*TASK DESCRIPTION*: Once you reach the line with "Výsledky testů vánočních", copy it and every line after it exactly, up to the end of the data. Omit the pictures.

*DATA BELOW*:
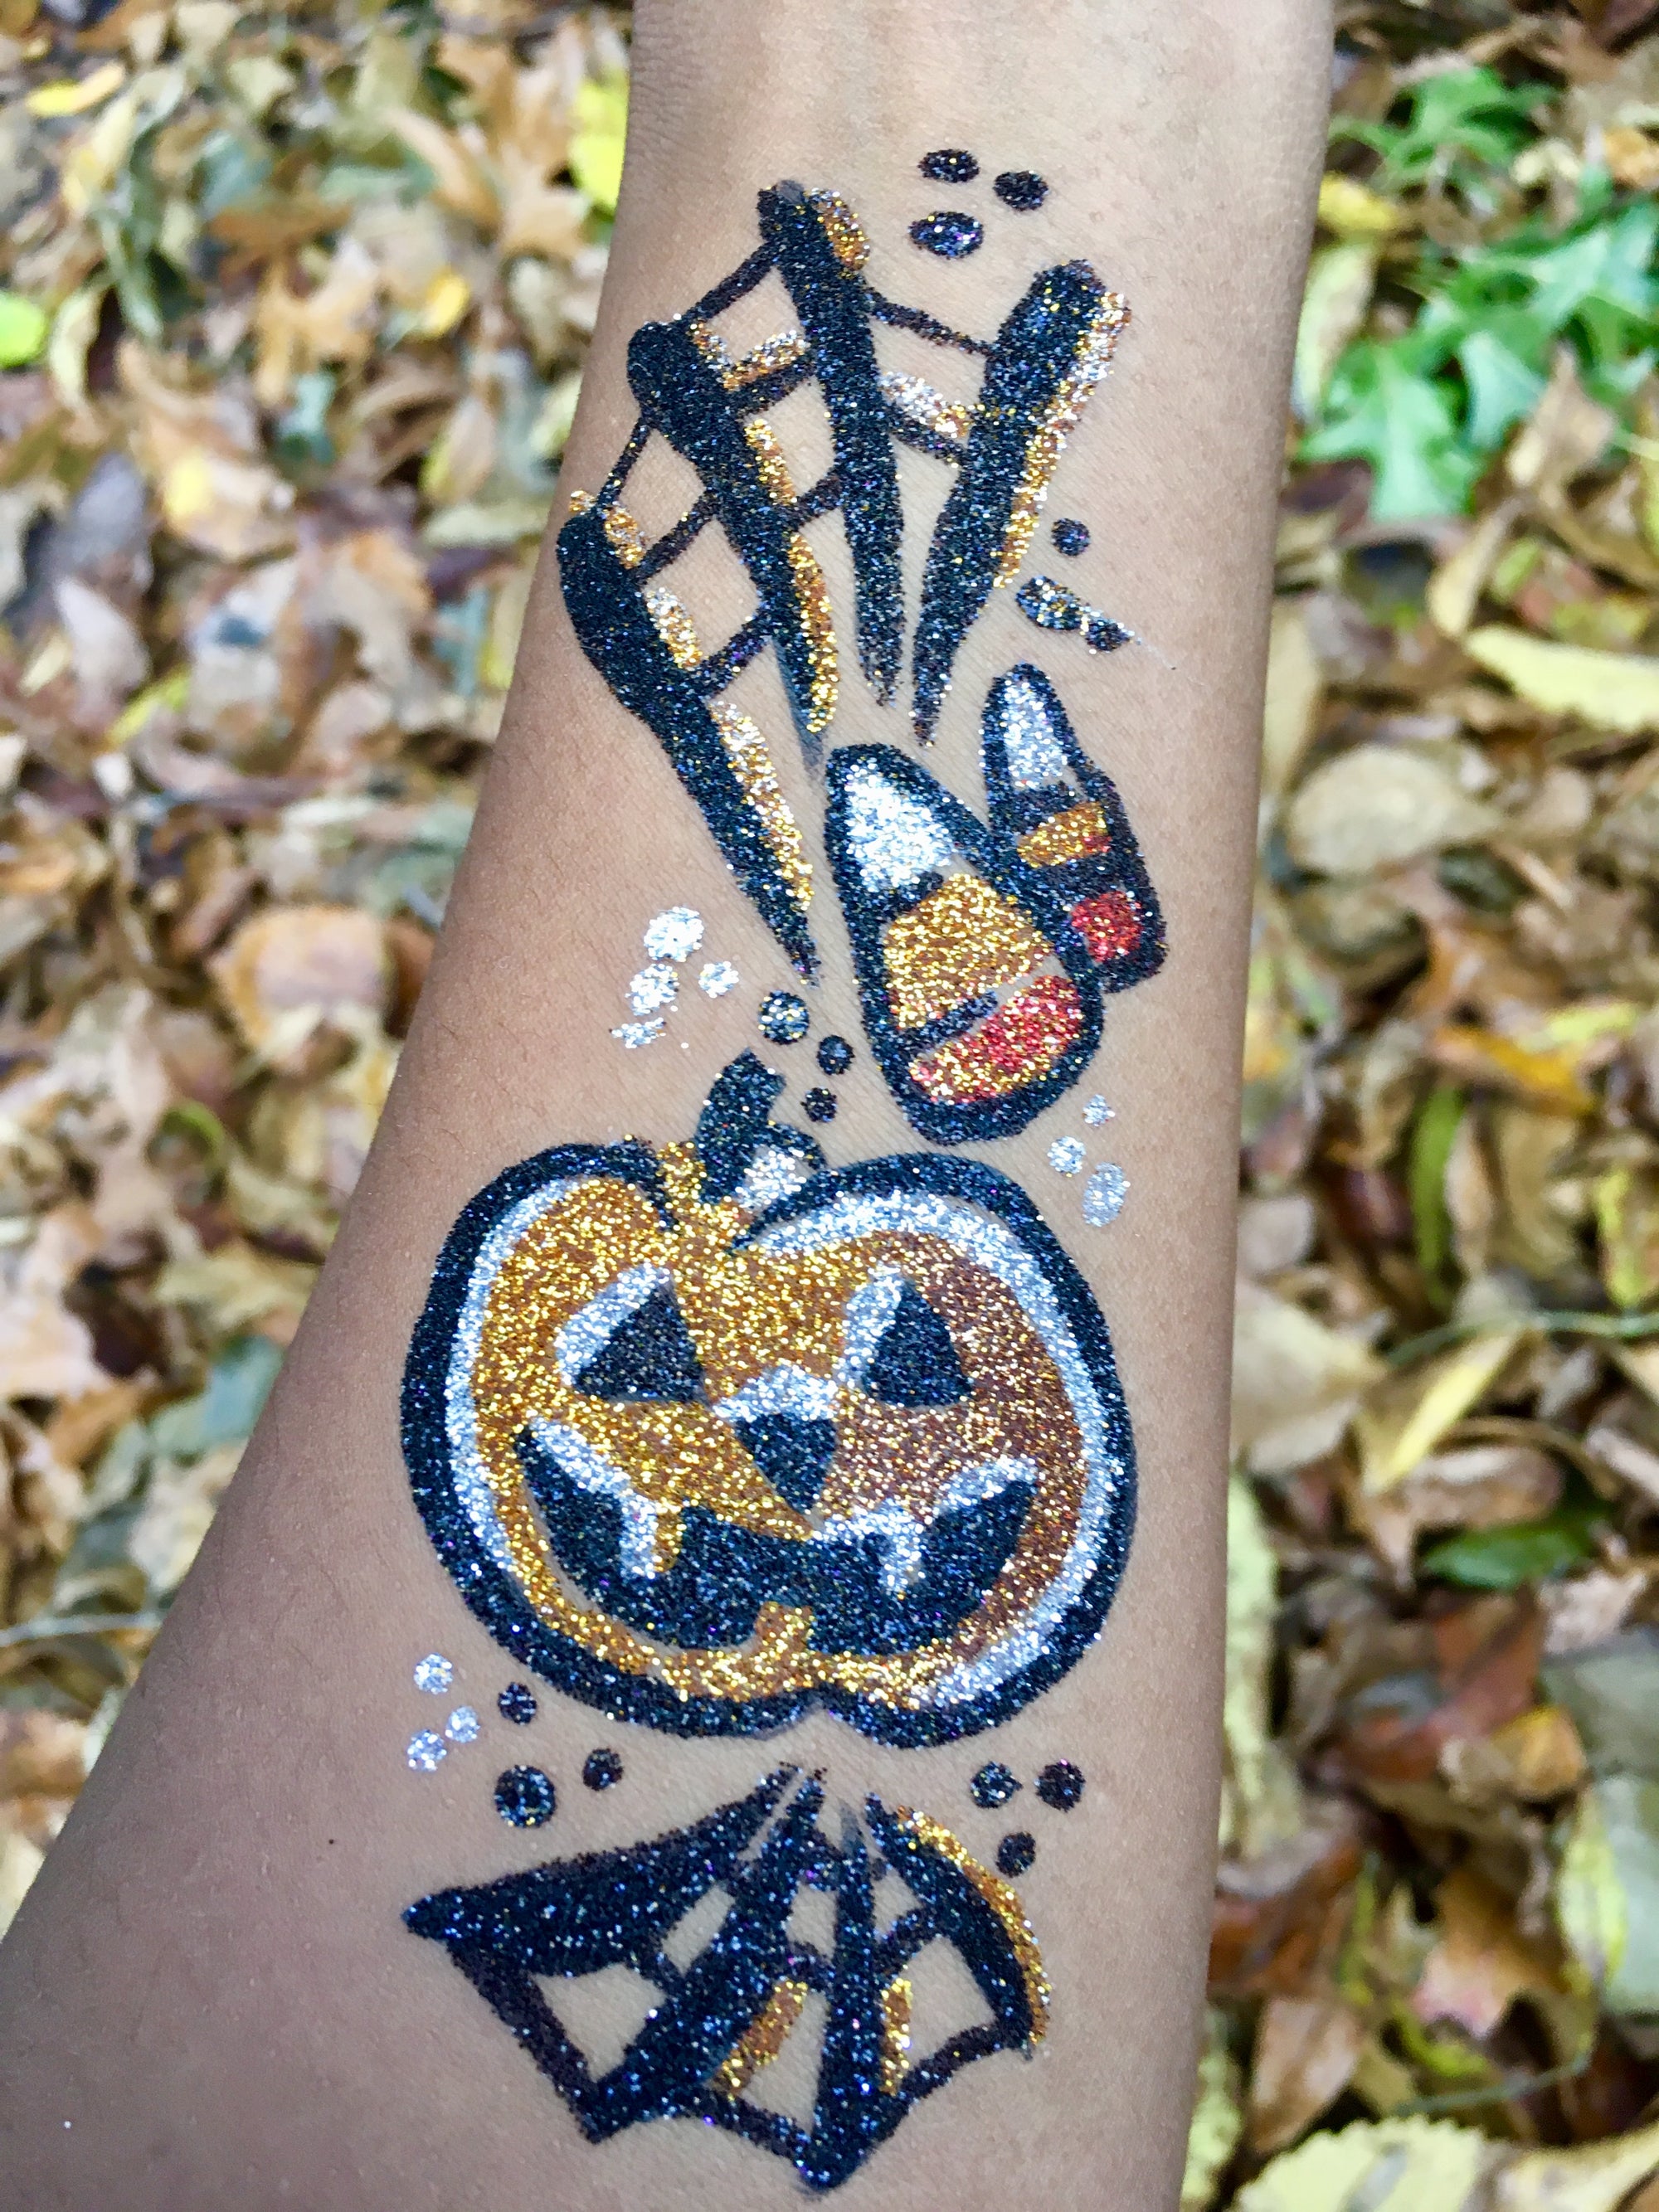 Freehand Glitter Tattoo Pumpkin by Zuri FX
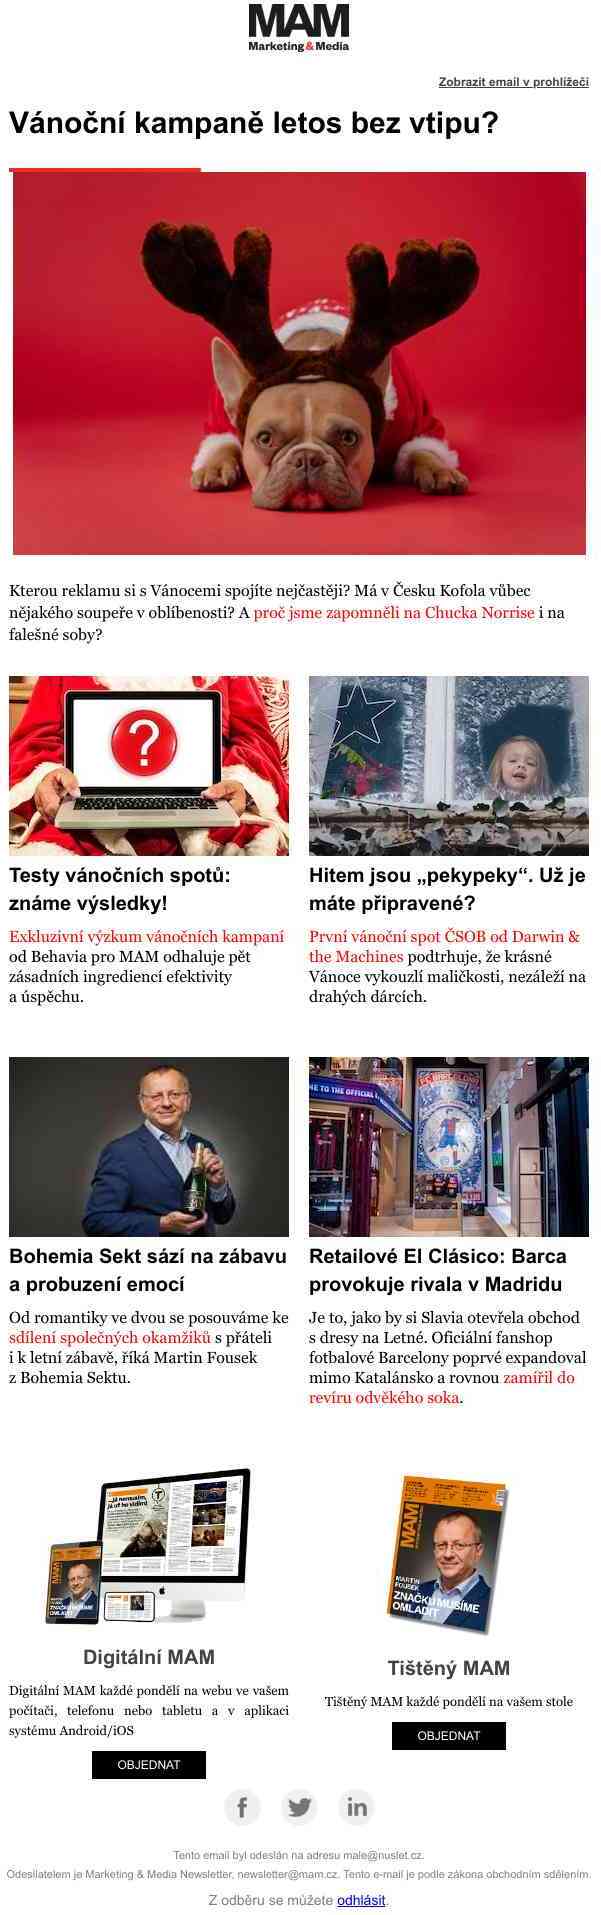 Výsledky testů vánočních spotů – První vánoční spot ČSOB – Bohemia Sekt posouvá brand k zábavě  – Fotbalové derby v retailu
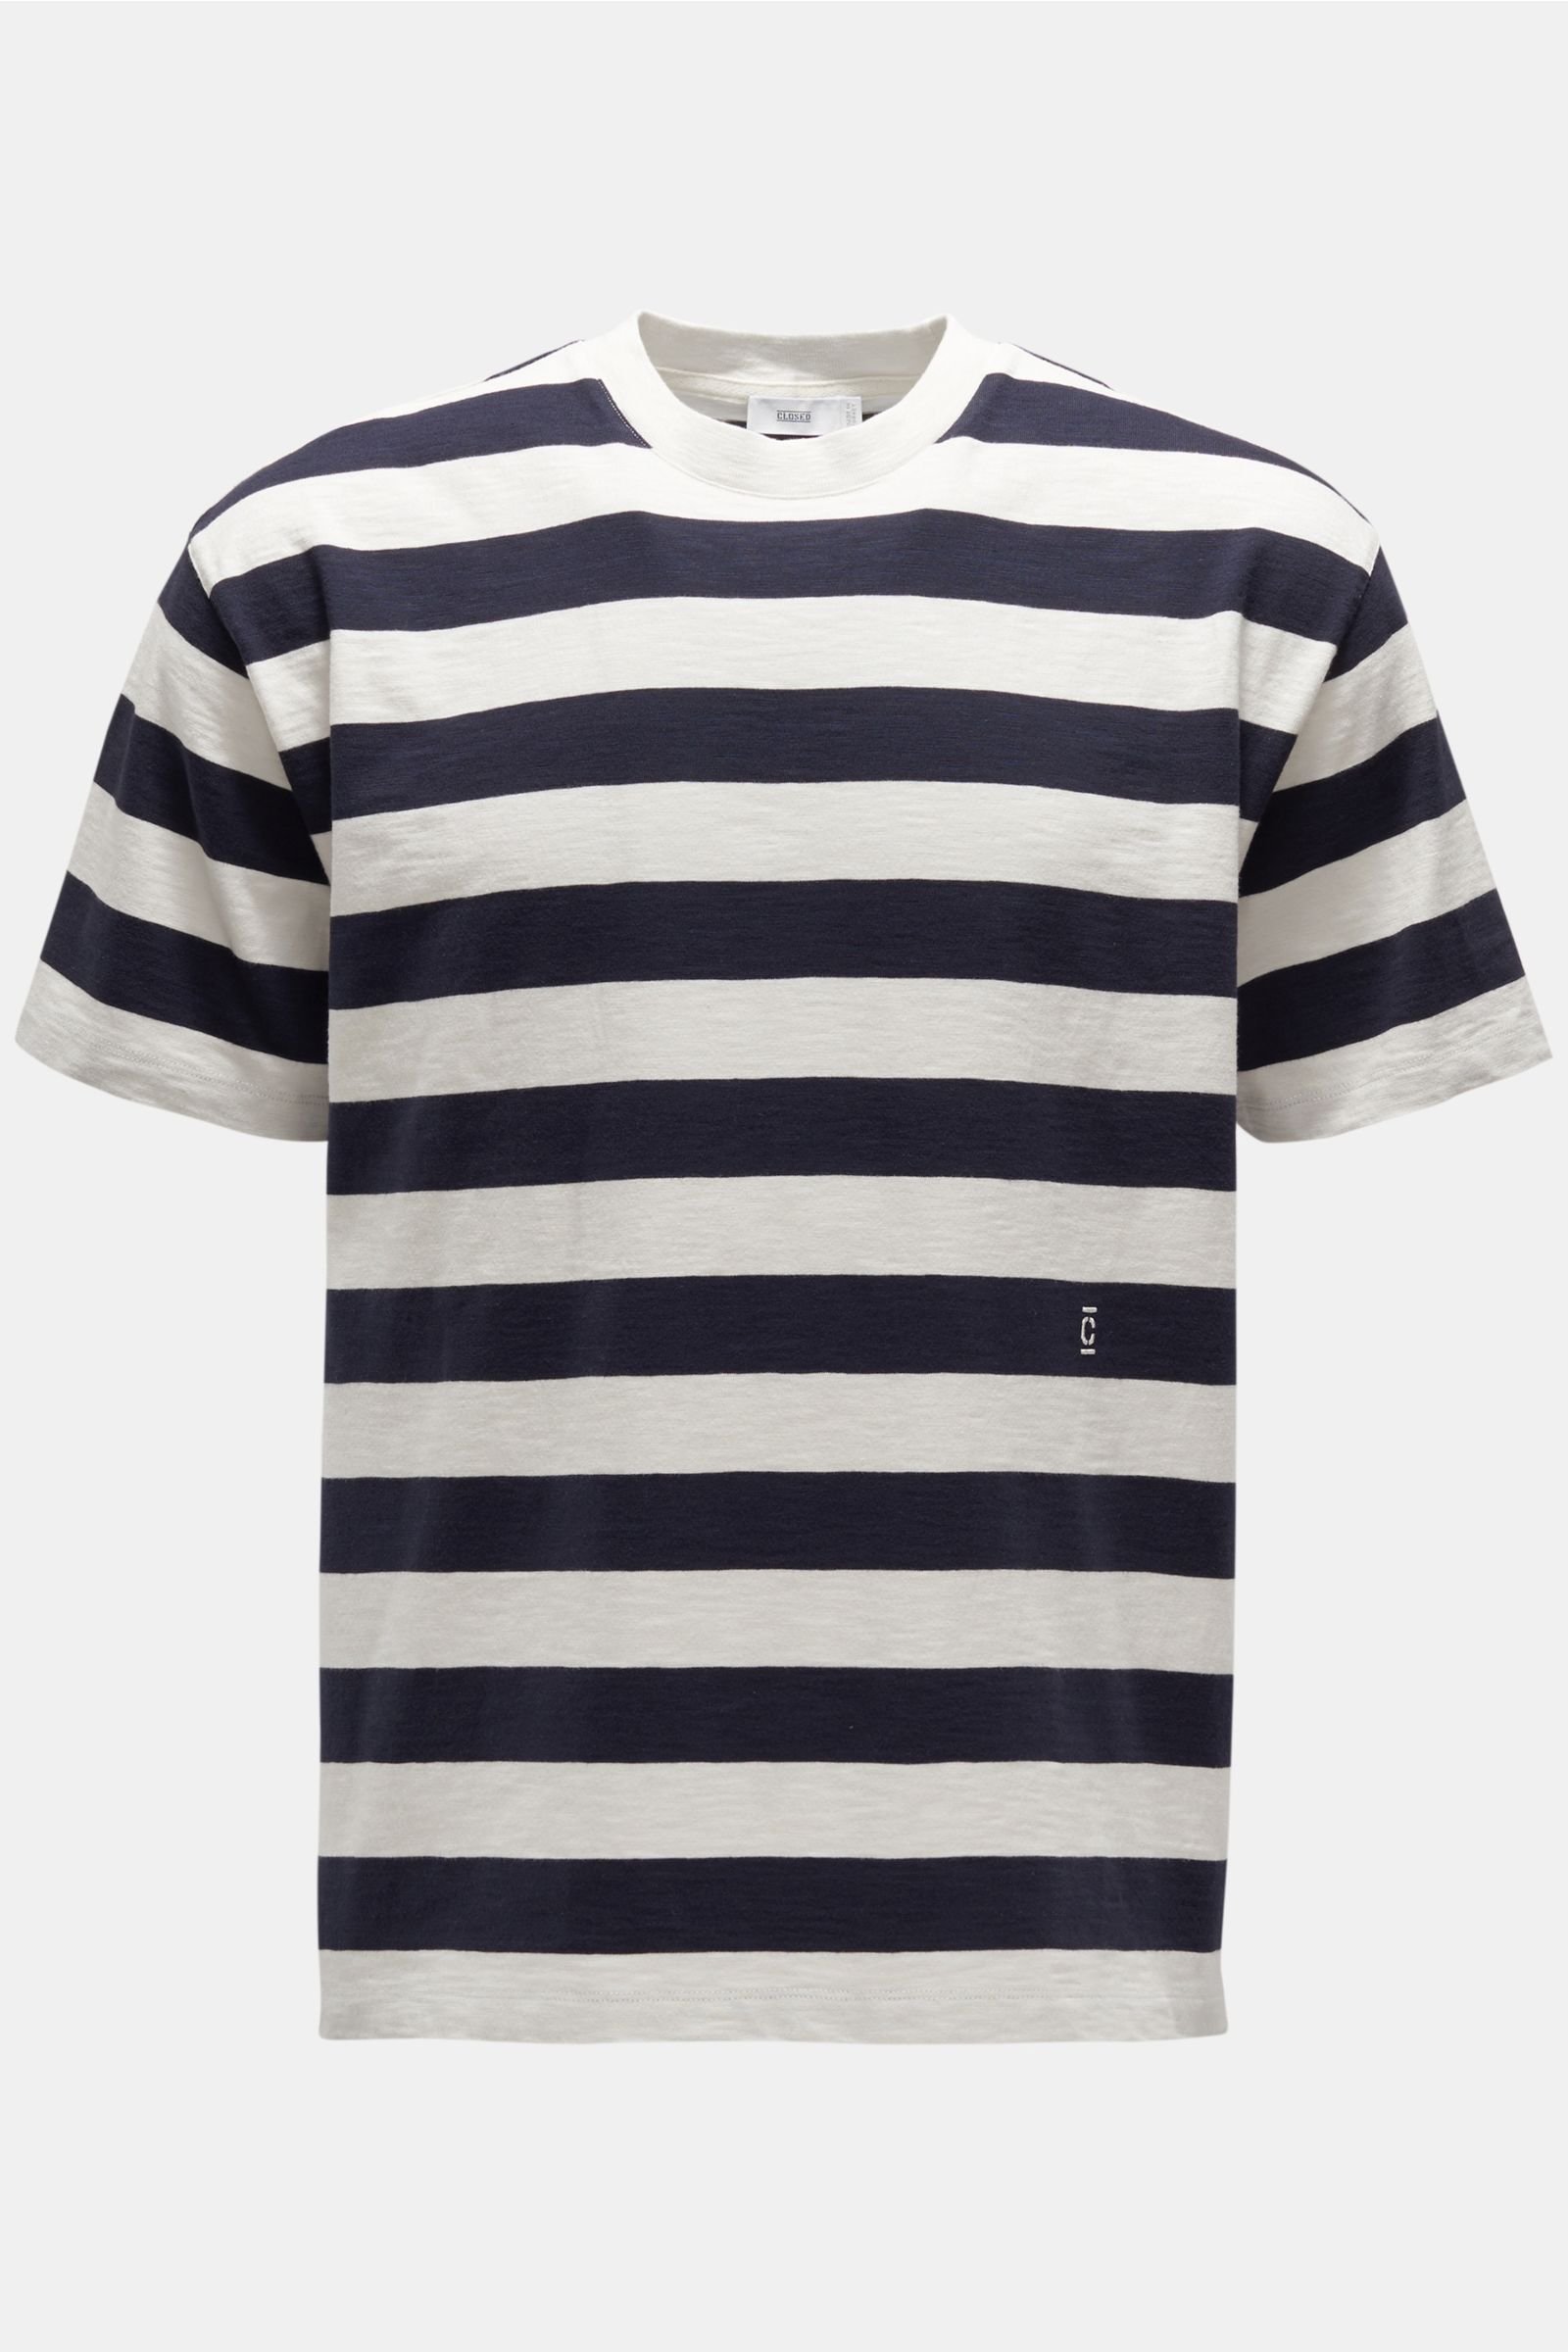 Crew neck T-shirt dark navy/off-white striped

*EXERCISE RESULT*:
 Výsledky testů vánočních spotů – První vánoční spot ČSOB – Bohemia Sekt posouvá brand k zábavě  – Fotbalové derby v retailu
 Crew neck T-shirt dark navy/off-white striped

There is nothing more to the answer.